Сделавшись богатой, независимой и притом молодой вдовой, Салтычиха еще более дала простору своей необузданной, дикой натуре и уж не знала удержу тем кровавым, бесчеловечным поступкам, которые с ужасающими подробностями занесли ее имя в уголовные хроники и которая своими злодействами над крепостными людьми ужаснула XVIII столетие. В конце концов слово «Салтычиха» сделалось словом почти бранным.
Часть вторая
Две силы
Глава I
Оскорбленный дворянин
Никогда еще дом Салтычихи в ее сельце, в Троицком, не был так шумен и беспокоен, как в тот осенний вечер, когда сама Салтычиха возвратилась из сторожки Никанора в сопровождении молодого инженера Тютчева. Прежде всего всю дорогу она на чем свет стоит со свойственной ей грубостью бранила молодого инженера, называя его самыми поносными именами. На оправдания же его она кричала одно:
– Не ври, не ври, падаль московская! Я все видела и все заметила, чертов огузок!

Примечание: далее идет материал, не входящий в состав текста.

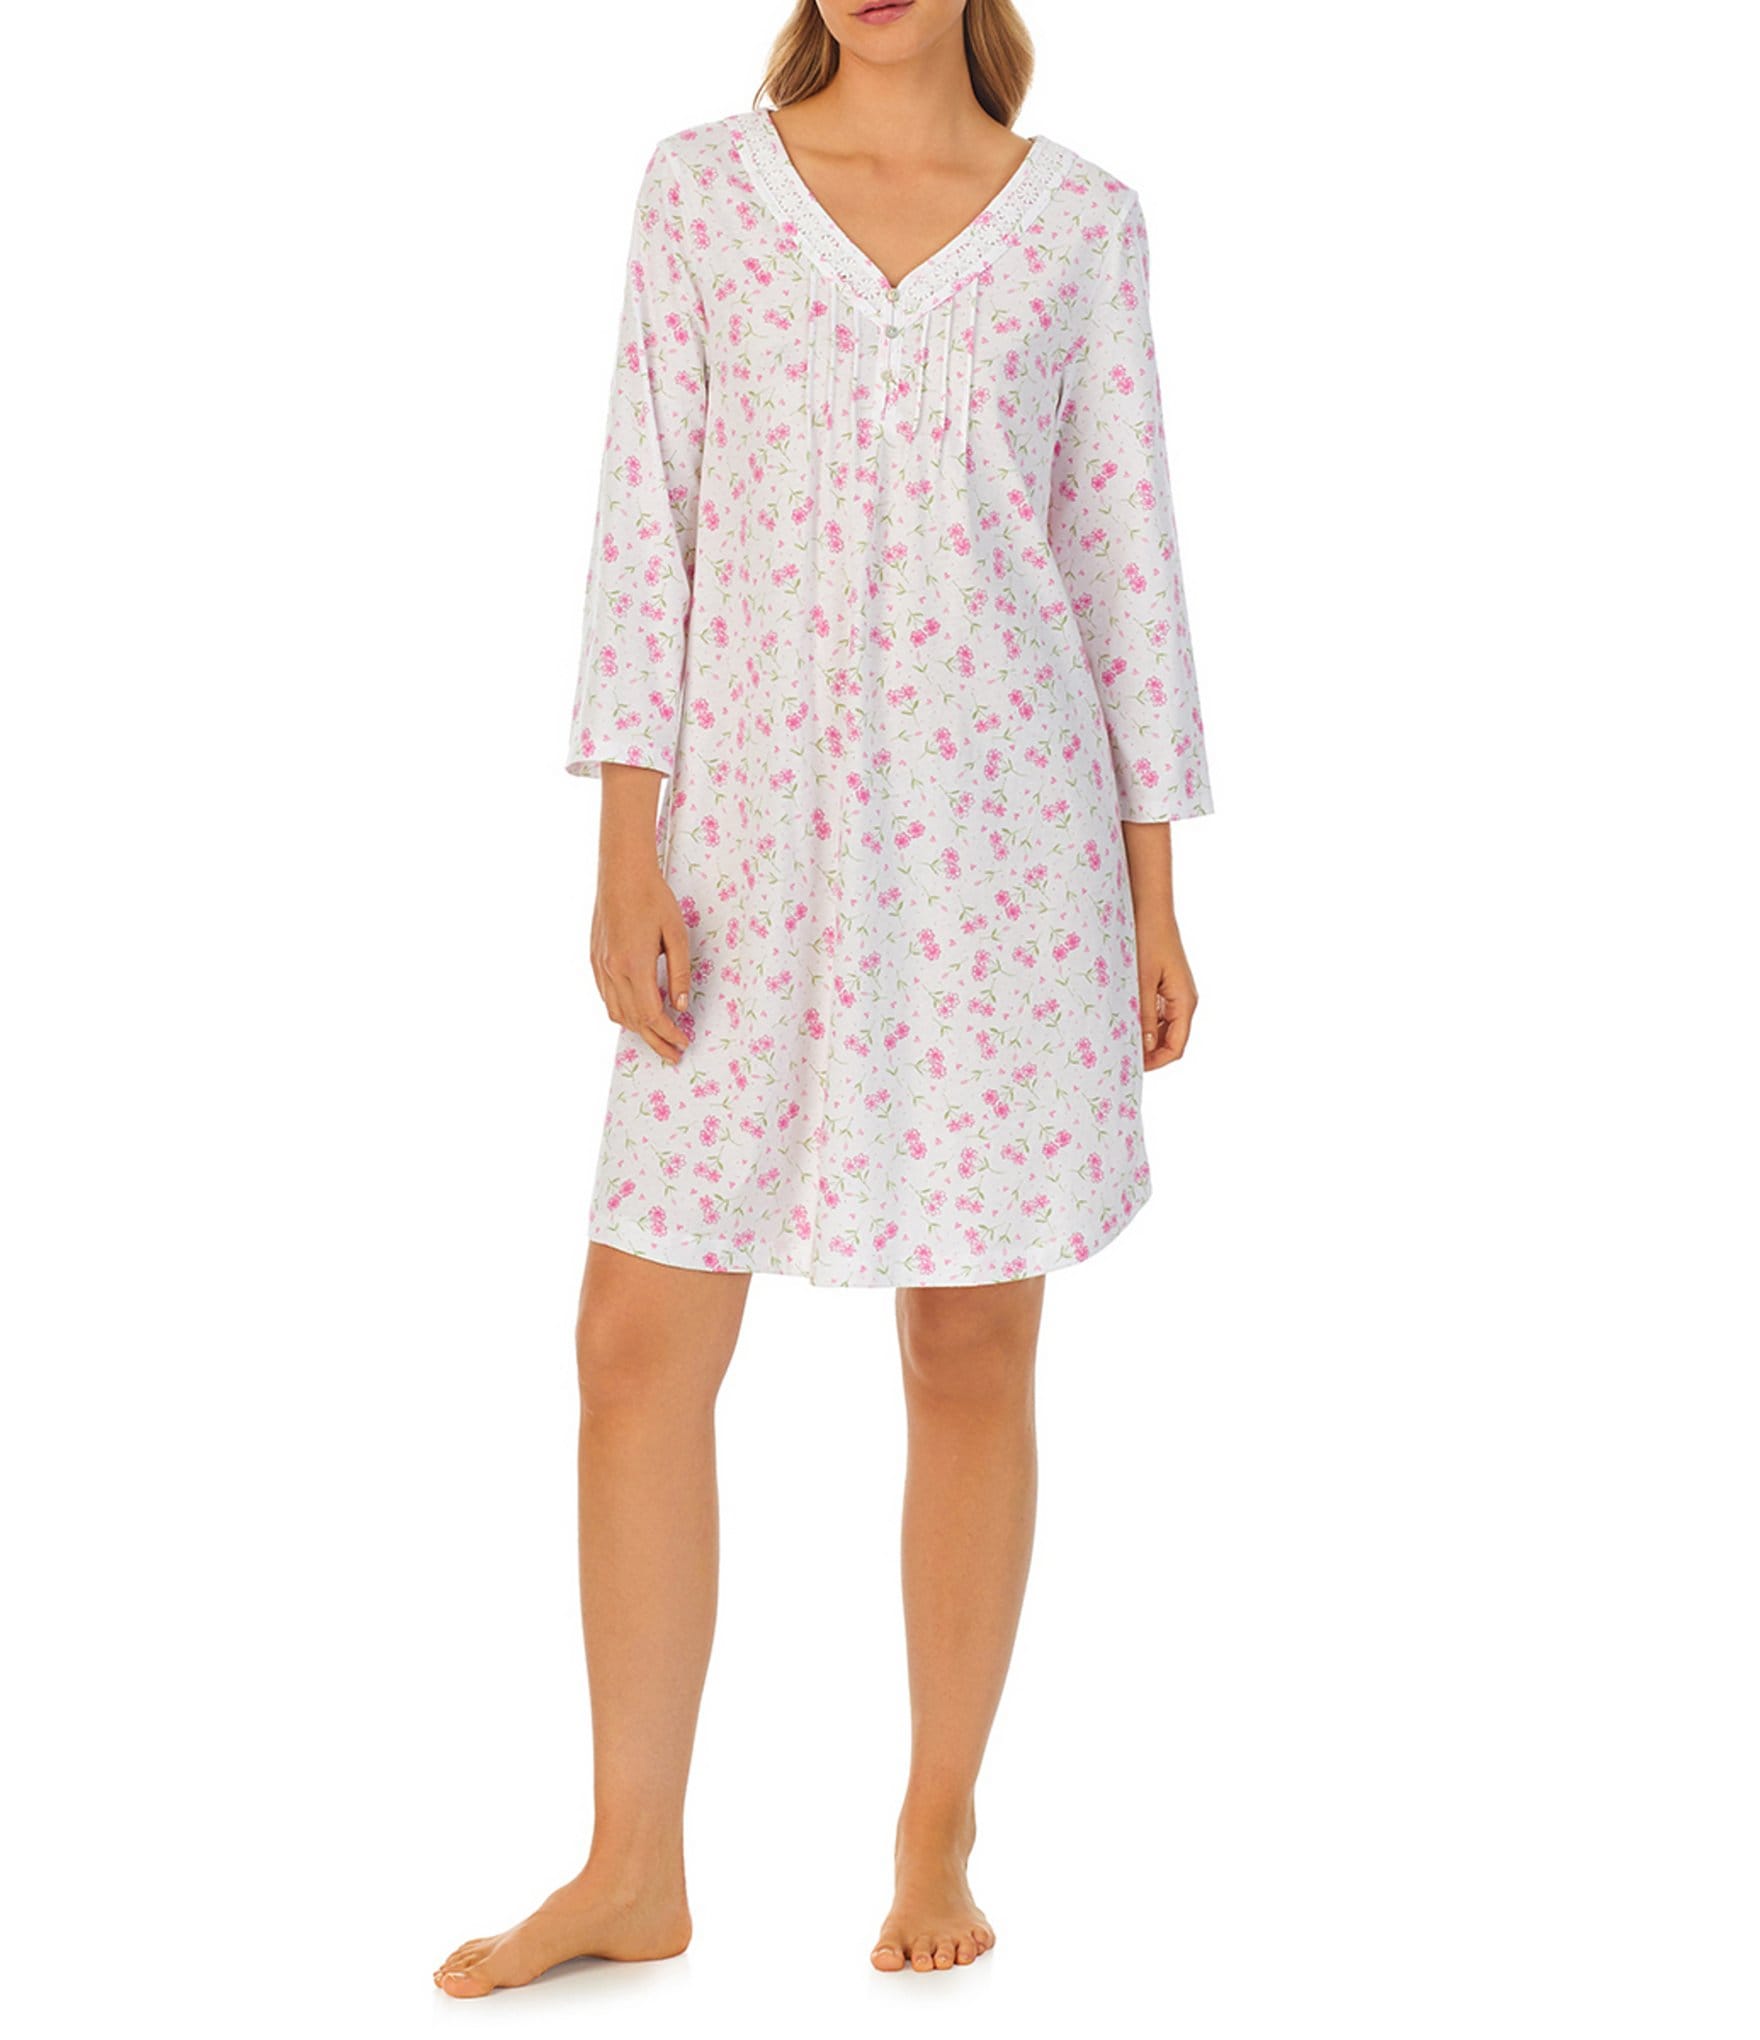 Carole Hochman Floral Cotton Jersey 3/4 Sleeve V-Neck Nightgown

– Фи, Дорот, как ты выражаешься! – брезгливо, но уступчиво отвечал на это чертов огузок.
– Сто раз тебе твержу, что я тебе за Дорот такая далась! Дарьей зовут – зови Дарьей и ты! Эк словцо отыскал и тычется им, как мужик с колом за скотиной! Дорот, Дорот, Дорот… Да песья нога тебе в рот, коли я Дорот!

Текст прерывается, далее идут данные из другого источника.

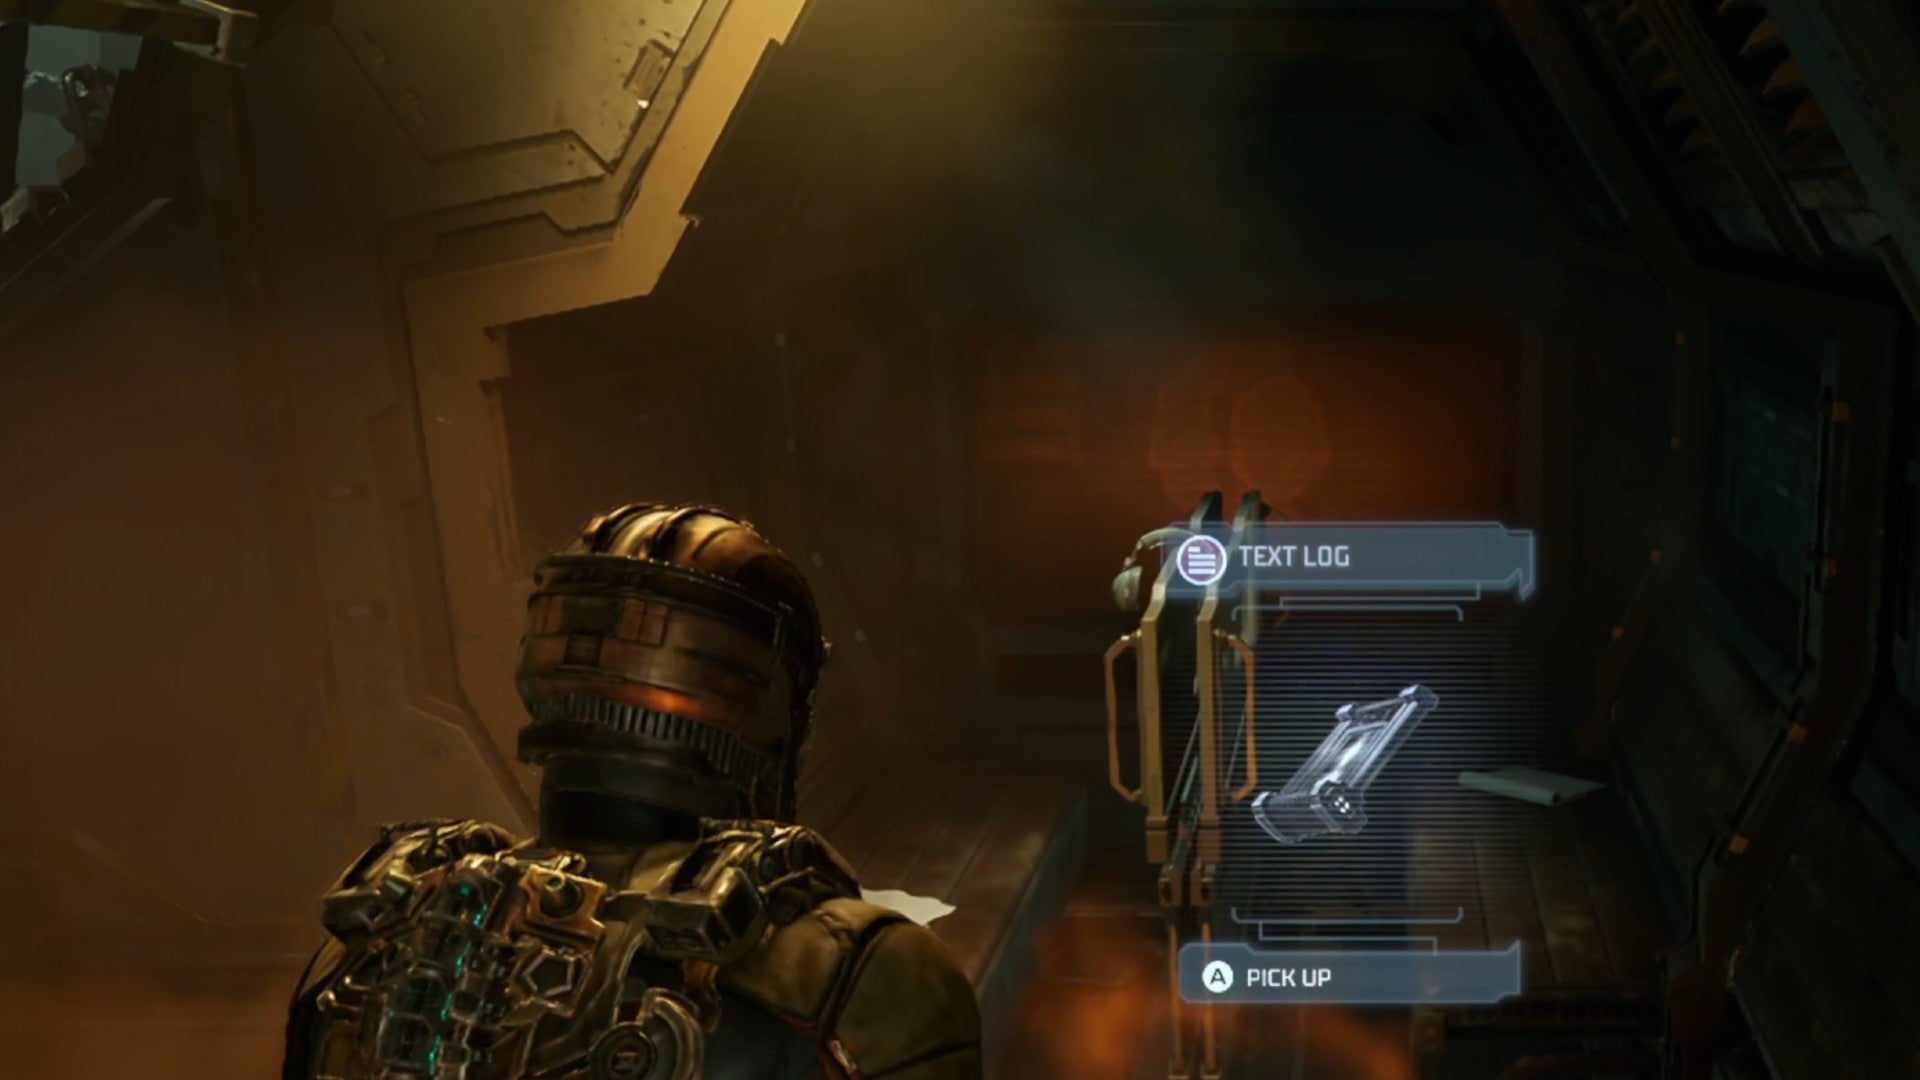 Dead Space image showing a Text Log on the Kellion.

– Фи-фи-фи! – мог только ответить на это порицаемый инженер.
Не успокоилась обозленная Салтычиха и дома. Когда они вдвоем сели за ужин, то она заметила:
– Тебе бы и жрать не надо, Тютченька! Люди говорят: на голодное брюхо дурь в голову не лезет!

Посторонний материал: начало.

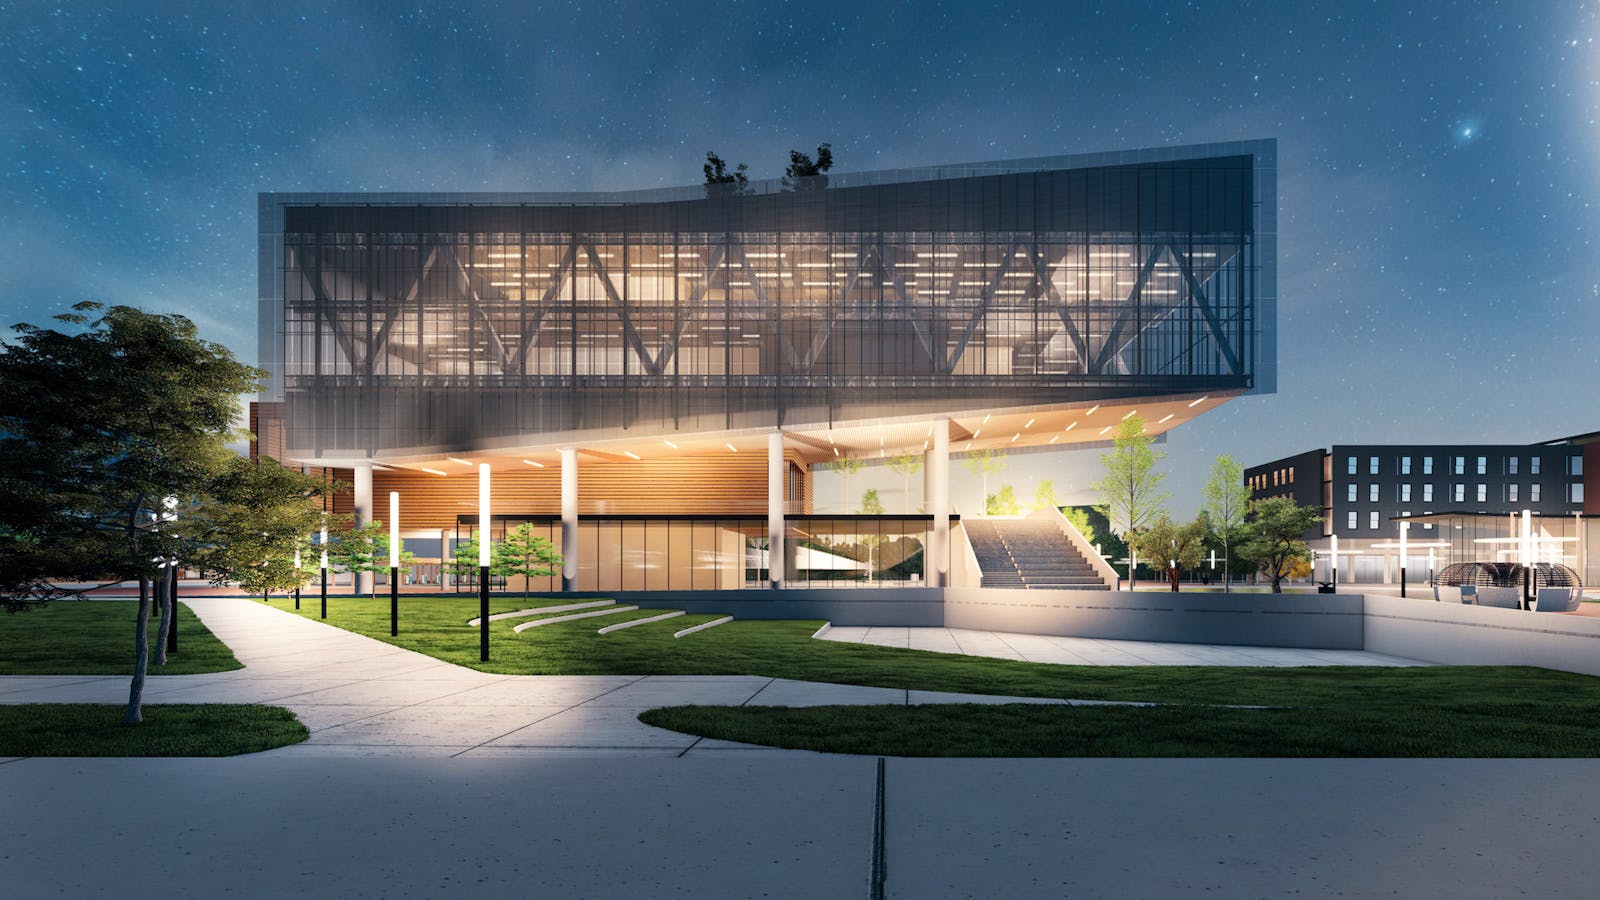 A rendering of the Propel Center, a tech-focused learning hub Apple is funding in Atlanta. Image provided by Apple.

Как ни привык молодой инженер к выходкам Салтычихи, но теперешняя придирчивость ее начала злить и его.
– Государыня моя, – сказал он сухим тоном, – пора бы и уважить меня хоть сколько бы то ни было из уважения к тому, что я все-таки такой же дворянин, как и вы! Прошу!
– Чего ты просишь-то, оглашенная башка?
– Того прошу, чтобы вы меня уважили несколько, государыня моя!
– Ну что ж, и уважу! – отвечала, помолчав с минуту, Салтычиха. – А теперь вот – кушай-ка щи! Говорят, без щей – будешь кощей! Не люблю я, Тютченька, кощеев-то!
– И в сих словах, государыня моя, – поднялся с места Тютчев, – я вижу тоже обиду своей особе!
– Эва особа какая нашлась! Много таких-то особ по Москве ходит, Христа ради просит. Таковский и ты, молодец.
Тютчев вспыхнул:
– Я служащий человек, я имею занятие и Христа ради по Москве не хожу!
– А не ходишь – пойдешь! – продолжала злорадствовать Салтычиха.
– Неправда-с! – вскрикнул Тютчев и нервно зашагал по комнате.
Потом он остановился перед Салтычихой, которая уже медленно и с аппетитом ела щи деревянной ложкой, остановился и с укором заговорил:
– Государыня! Для того ли я знакомился с вами, чтобы вы меня так позорить изволили? Скажите мне!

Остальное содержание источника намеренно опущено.